→ What needs to be done
Only the pictures are to be omitted; everything else in the listing must be reproduced exactly.

··· Exercise data ···

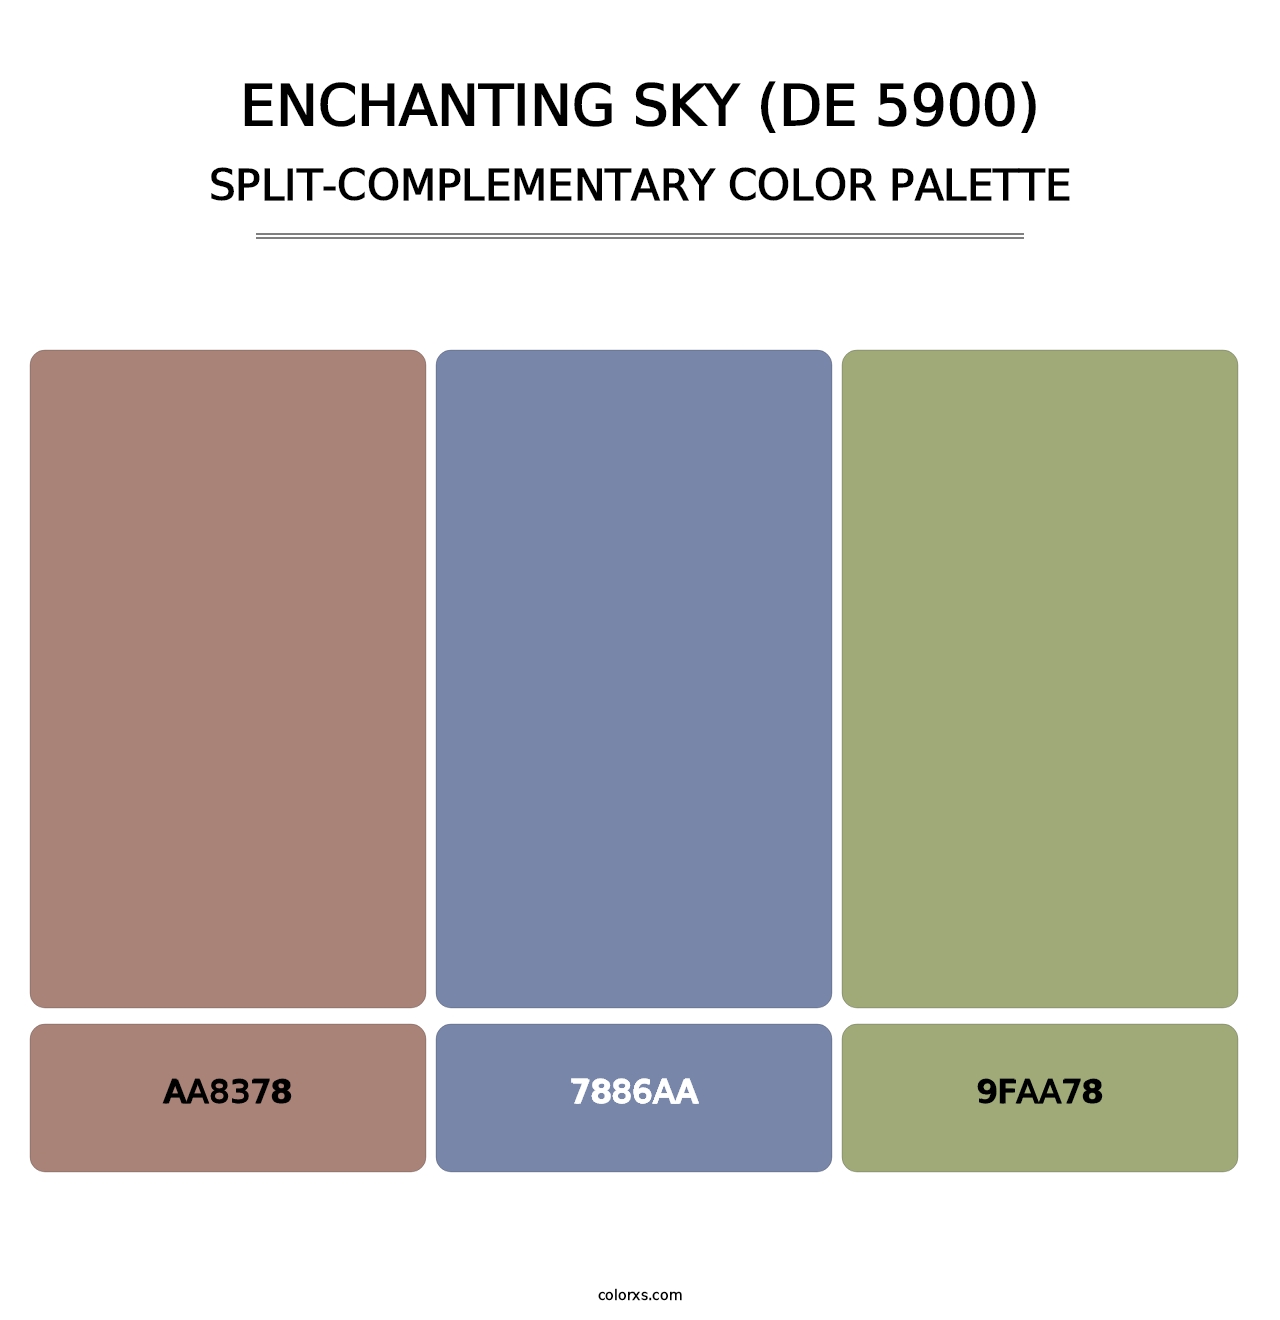 Enchanting Sky (DE 5900) - Split-Complementary Color Palette
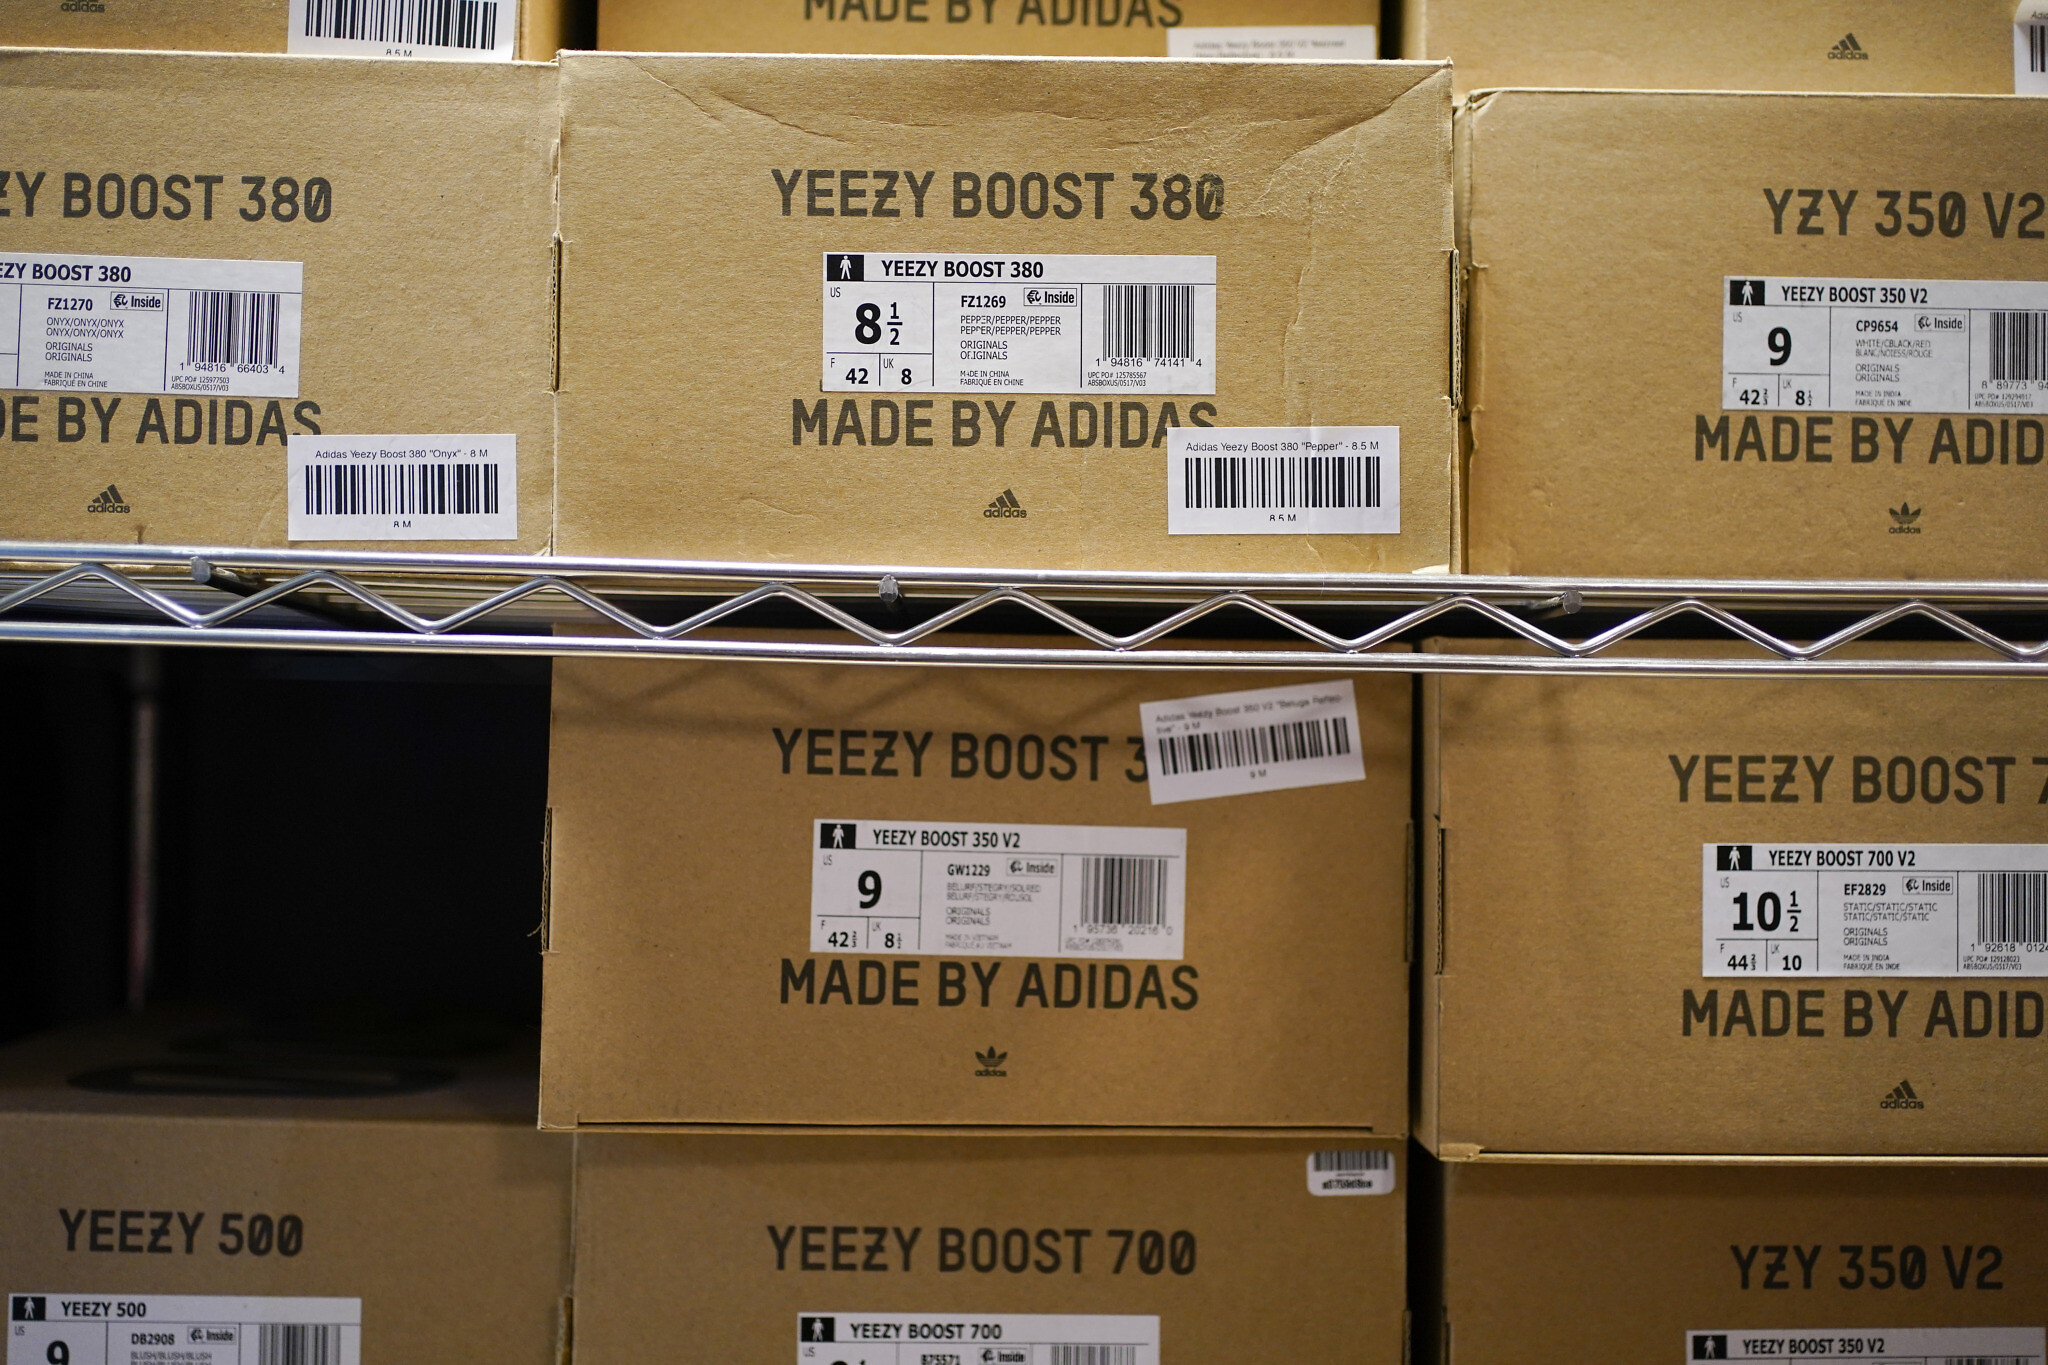 Ye or nay? Yeezy sneaker sales soar as fans, companies split on
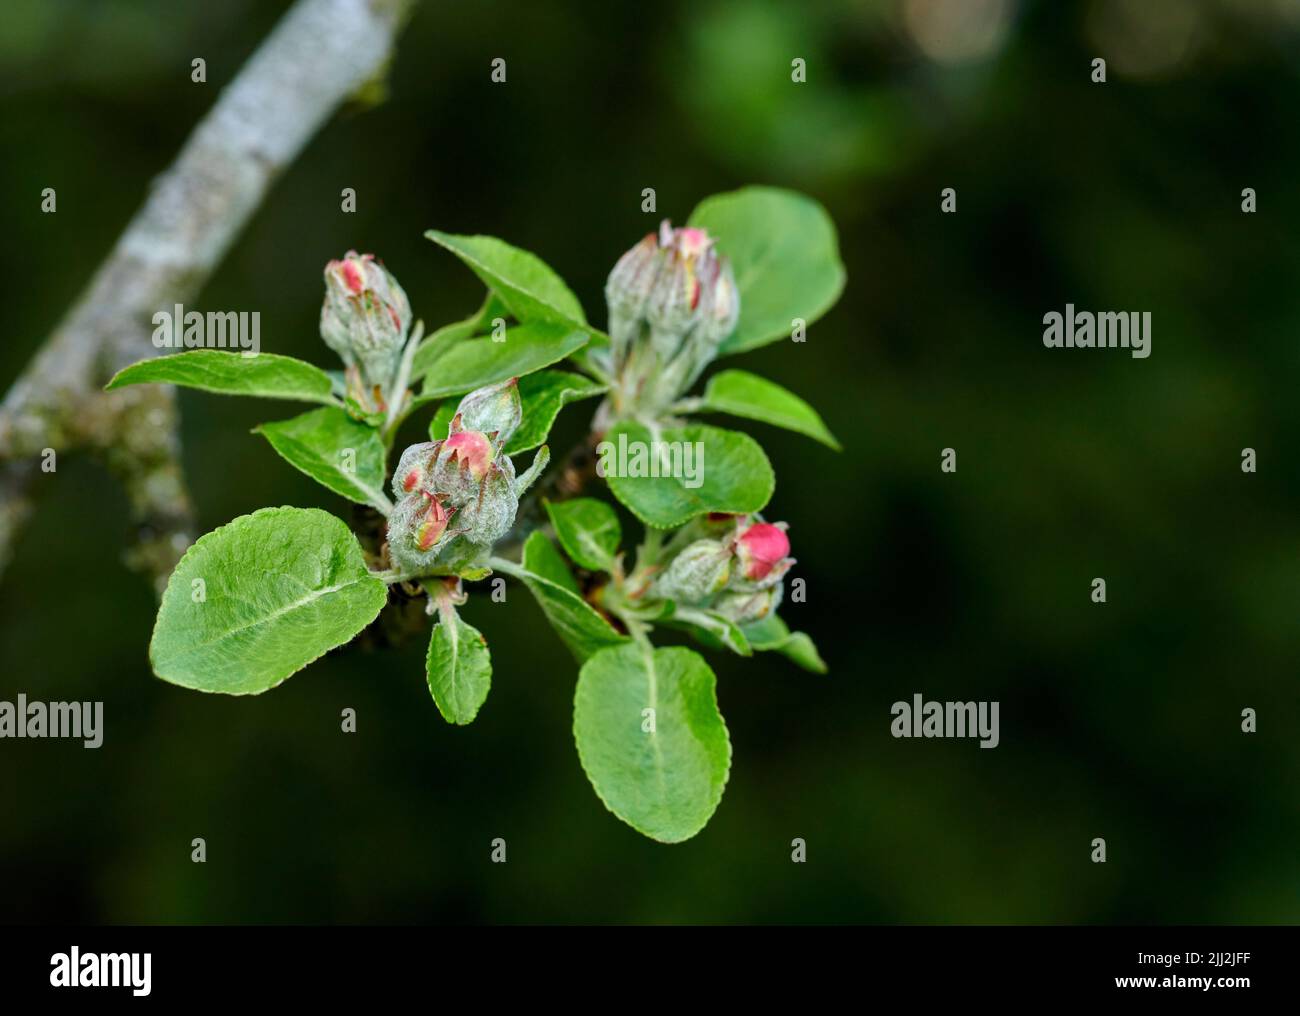 Primo piano di un fiore di mela che cresce su un albero in un giardino cortile in estate. Frutta coltivata su rami di un albero in un ambiente naturale in primavera Foto Stock
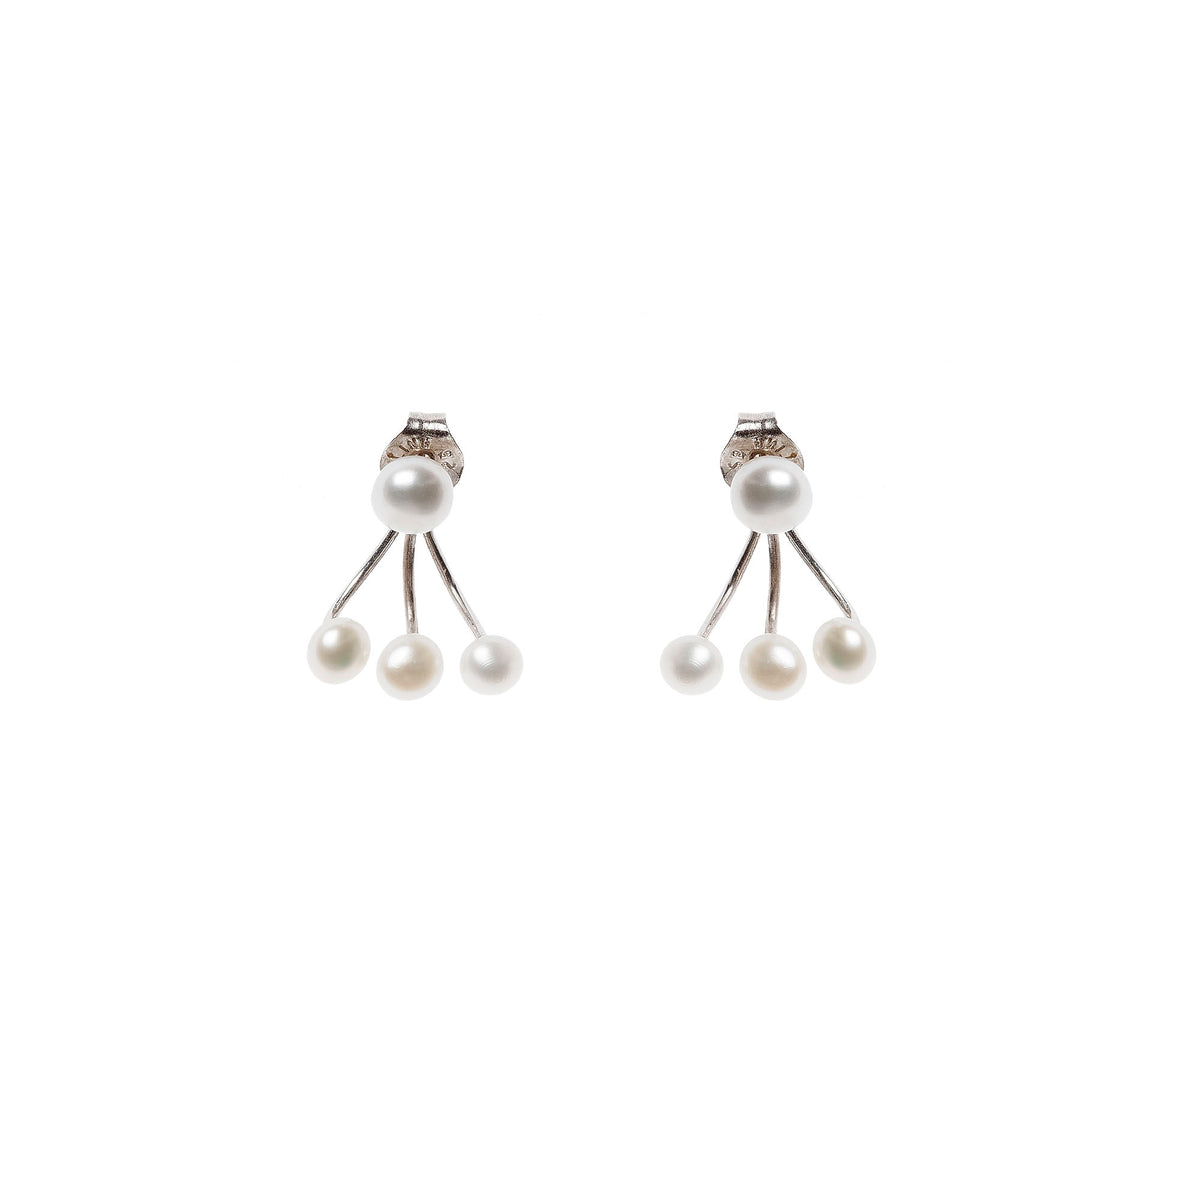 Boucles d'oreilles en argent avec 4 petites perles, véritable indispensable pour les mariages

···

→ Answer area
 Enchanting Sky (DE 5900) - Split-Complementary Color Palette
 Ye or nay? Yeezy sneaker sales soar as fans, companies split on
 Primo piano di un fiore di mela che cresce su un albero in un giardino cortile in estate. Frutta coltivata su rami di un albero in un ambiente naturale in primavera Foto Stock
 Boucles d'oreilles en argent avec 4 petites perles, véritable indispensable pour les mariages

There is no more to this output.